YOUR GOAL | Your copy should hold every record exactly and no images.

Collected data entries |
--------------------------------------------------

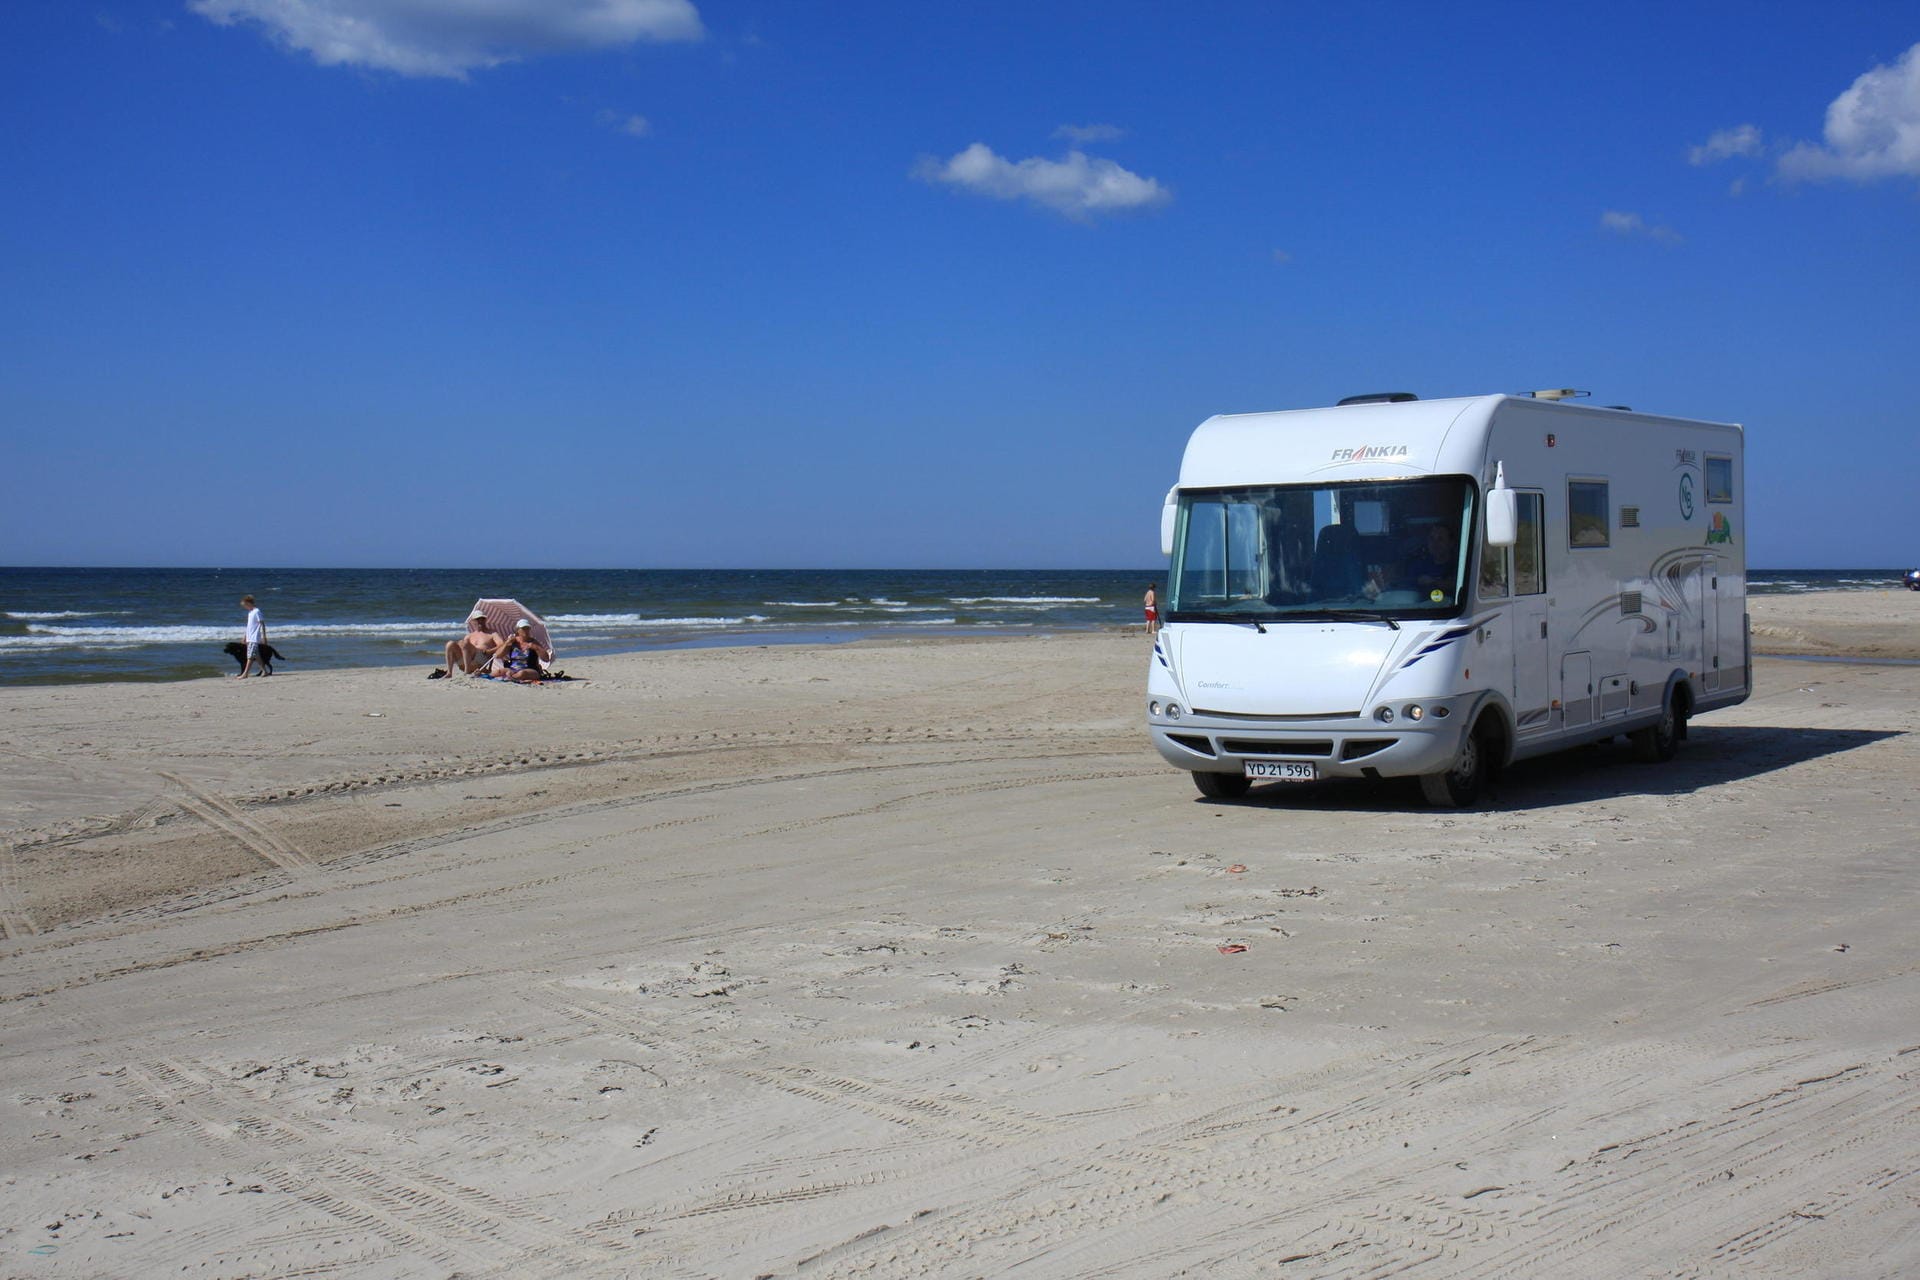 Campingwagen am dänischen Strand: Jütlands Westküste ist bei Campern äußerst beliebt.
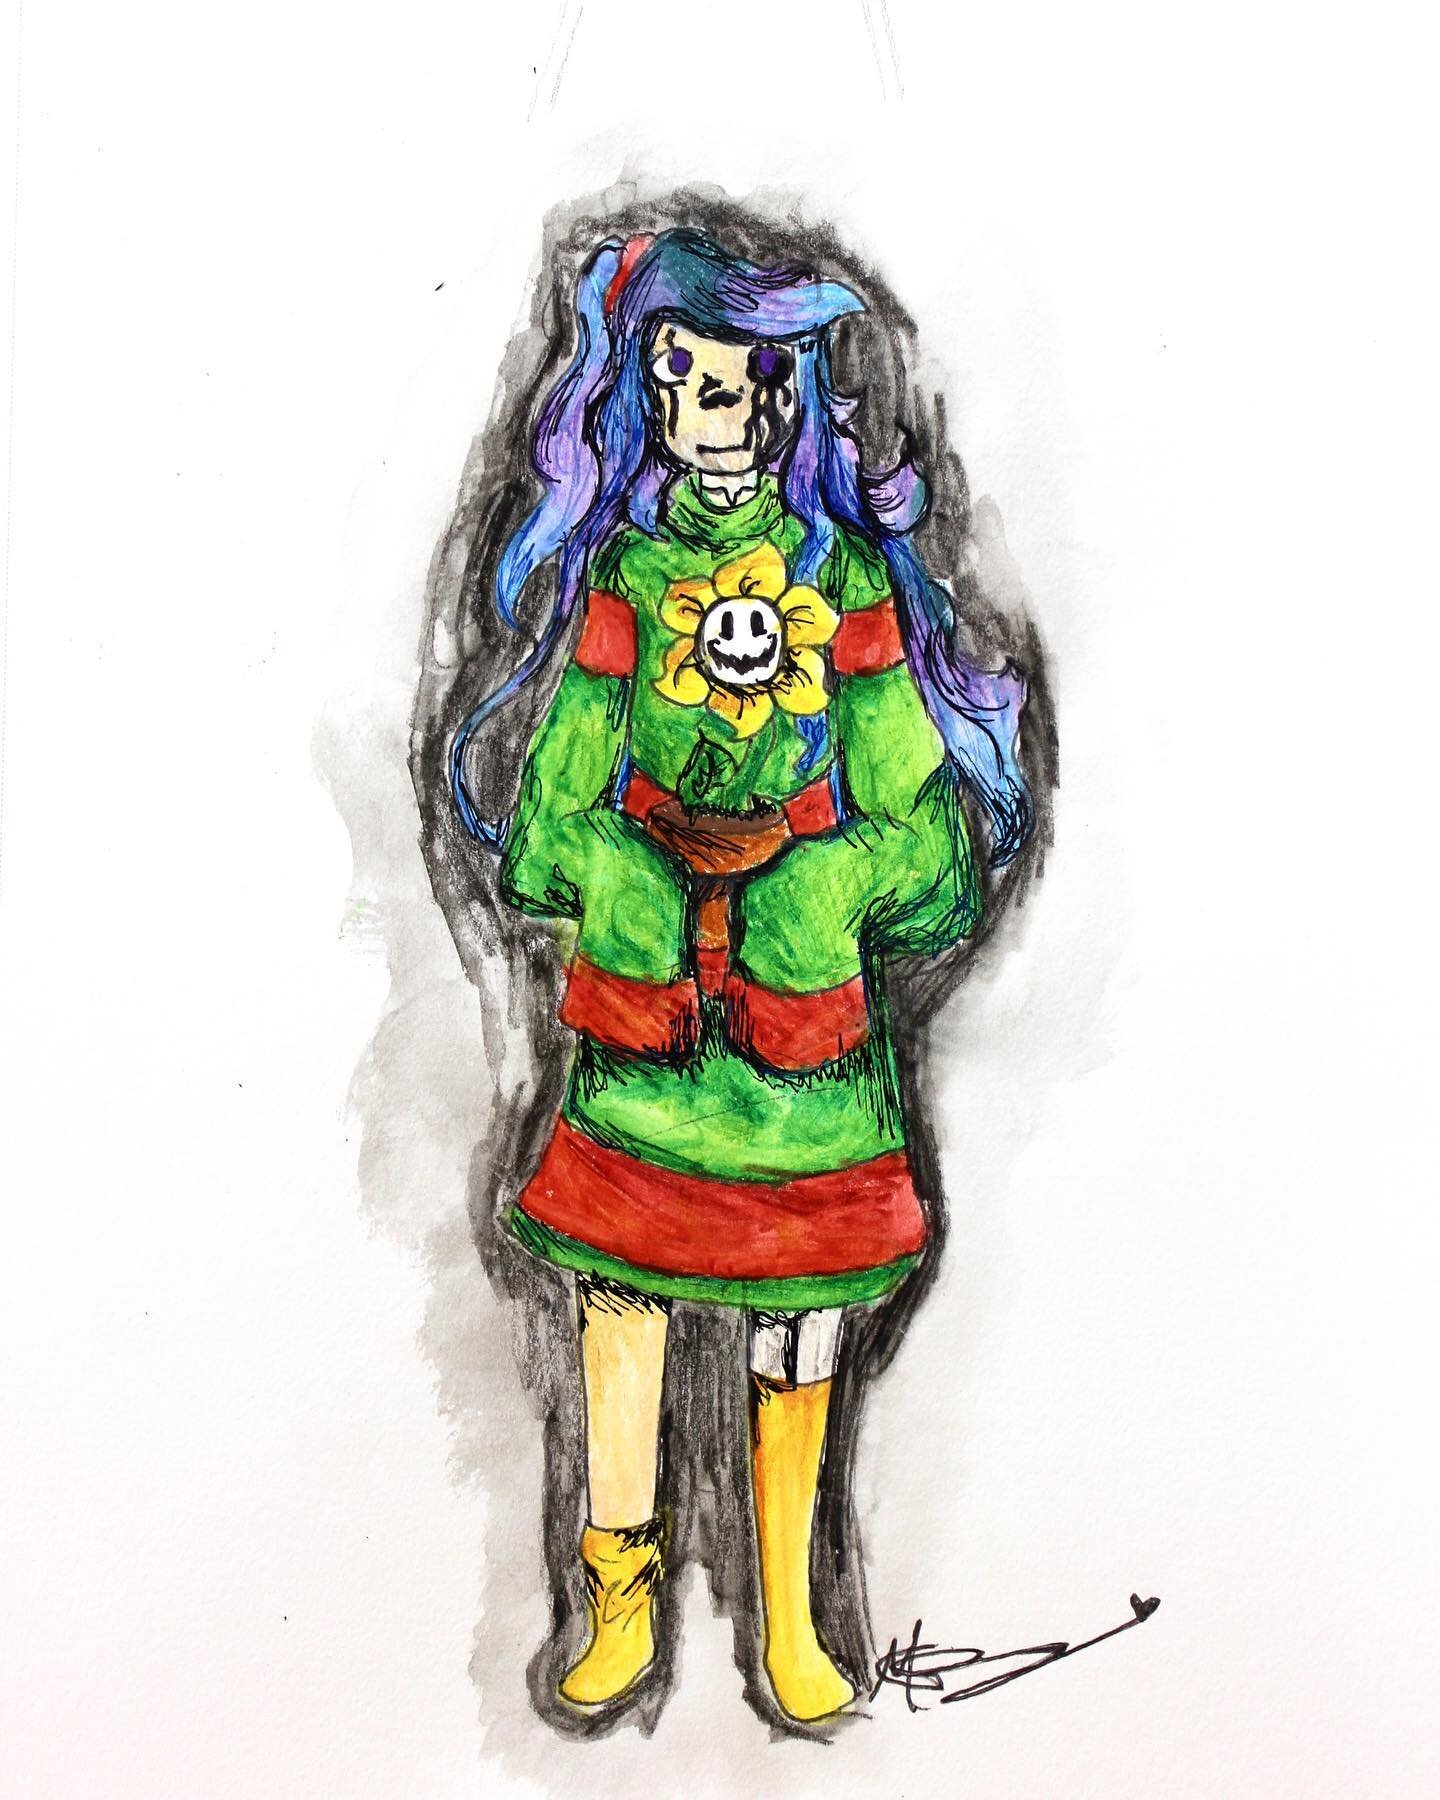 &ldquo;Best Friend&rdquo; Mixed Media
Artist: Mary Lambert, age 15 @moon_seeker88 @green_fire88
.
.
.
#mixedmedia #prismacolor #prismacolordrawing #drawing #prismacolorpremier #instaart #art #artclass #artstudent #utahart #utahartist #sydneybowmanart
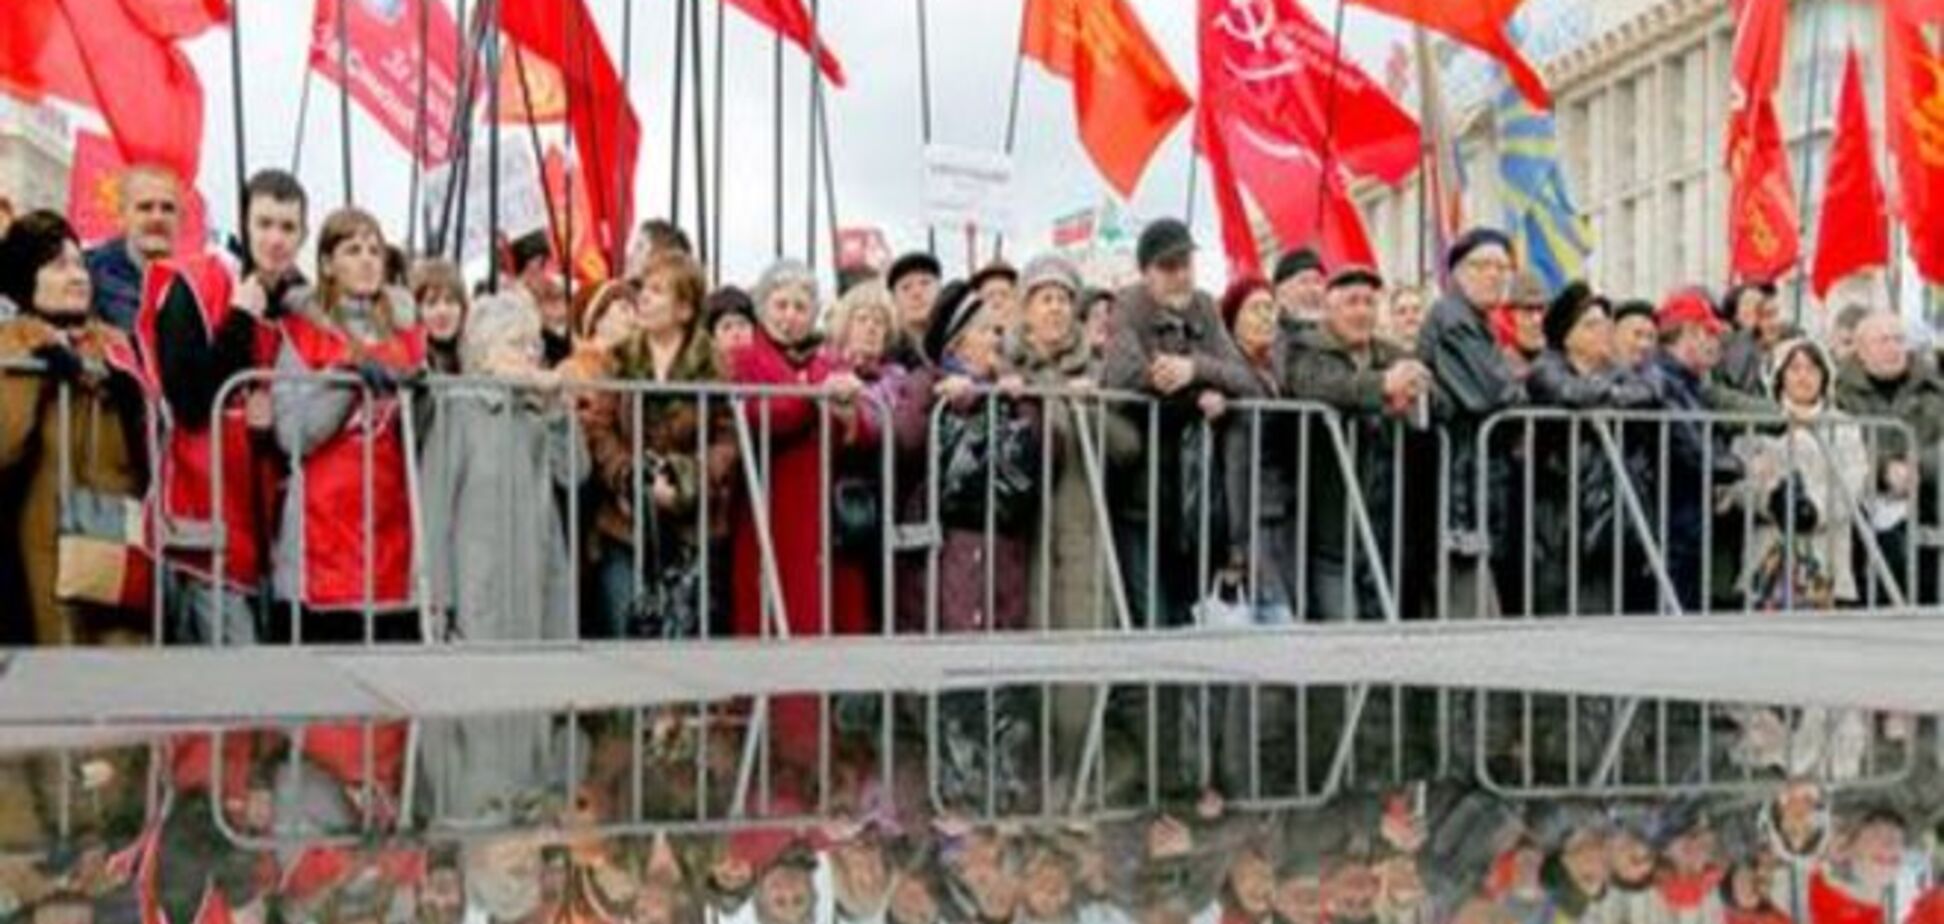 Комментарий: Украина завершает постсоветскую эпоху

--------------------------------------------------

RESPONSE FOR THIS EXERCISE |
 Campingwagen am dänischen Strand: Jütlands Westküste ist bei Campern äußerst beliebt.
 &ldquo;Best Friend&rdquo; Mixed Media
Artist: Mary Lambert, age 15 @moon_seeker88 @green_fire88
.
.
.
#mixedmedia #prismacolor #prismacolordrawing #drawing #prismacolorpremier #instaart #art #artclass #artstudent #utahart #utahartist #sydneybowmanart
 Комментарий: Украина завершает постсоветскую эпоху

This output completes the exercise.